Pascale Aebischer is Professor of Shakespeare and Early Modern Performance Studies at the University of Exeter. She has written extensively on the performance of the wider early modern dramatic canon, including in the collection Performing Early Modern Drama Today (co-edited with Kathryn Prince, CUP, 2012) and her books Screening Early Modern Drama: Beyond Shakespeare (CUP, 2013), and Shakespeare, Spectatorship and the Technologies of Performance (CUP, 2020). Her interest in performance technologies led her to working with Susanne Greenhalgh and Laurie Osborne to produce a collection on Shakespeare and the ‘Live’ Theatre Broadcast Experience (Bloomsbury, 2018) which brought together an international team of researchers to think through how theatre broadcasting has transformed how we experience Shakespeare in many parts of the world. During the COVID-19 pandemic, she used her understanding of digital performances to study and support the work of Oxford’s Creation Theatre. She has written about this research in Viral Shakespeare: Performance in the Time of Pandemic (CUP 2021), Gemma Allred et al.’s Lockdown Shakespeare (Bloomsbury, 2021) and in Adaptation and resilience in the performing arts: the pandemic and beyond (co-edited with Rachael Nicholas, MUP, 2024).

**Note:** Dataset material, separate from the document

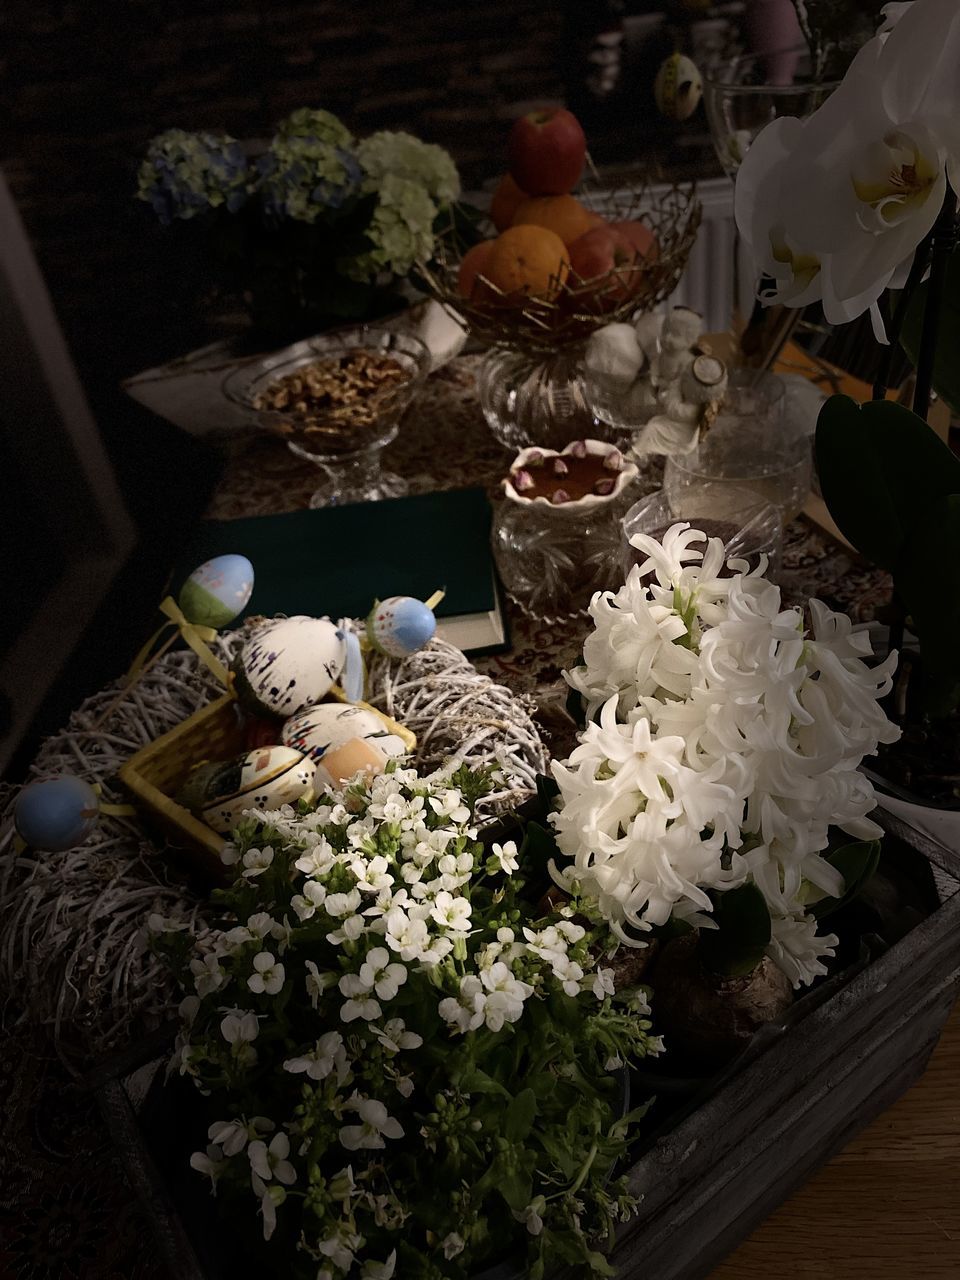 plant, flower, floristry, flowering plant, freshness, floral design, food and drink, food, high angle view, no people, nature, table, indoors, healthy eating, wellbeing, centrepiece, container, arrangement, flower arrangement, vegetable, bouquet, still life, basket, candle, beauty in nature

Speaker David Sterling Brown

A lifelong Connecticut resident and an Associate Professor of English with tenure at his undergraduate alma mater, Trinity College (Hartford, CT), Dr. David Sterling Brown is an award-winning Shakespeare and critical race studies scholar whose research, teaching and public speaking interests include African-American literature, dramatic literature, mental health, gender, performance, sexuality and the family. His  book, Shakespeare’s White Others, was published by Cambridge University Press and was endorsed officially by Dr. Patricia Akhimie (Folger Institute, Director), Dr. Bernadette Andrea (UC Santa Barbara, professor), Keith Hamilton Cobb (actor, playwright), Simon Godwin (Artistic Director, Shakespeare Theatre Company), Claudia Rankine (poet, essayist, playwright, editor, NYU professor), Dr. Melissa E. Sanchez (UPenn, professor), Dr. Emma Smith (University of Oxford, professor) and Dr. Tukufu Zuberi (UPenn, professor). Shakespeare’s White Others is also available as an audiobook, narrated by the author. Brown is creator of the 3D/virtual-reality David Sterling Brown Gallery and he is curator of the gallery’s first exhibition “Visualizing Race Virtually,” a visual complement to his Shakespeare’s White Others.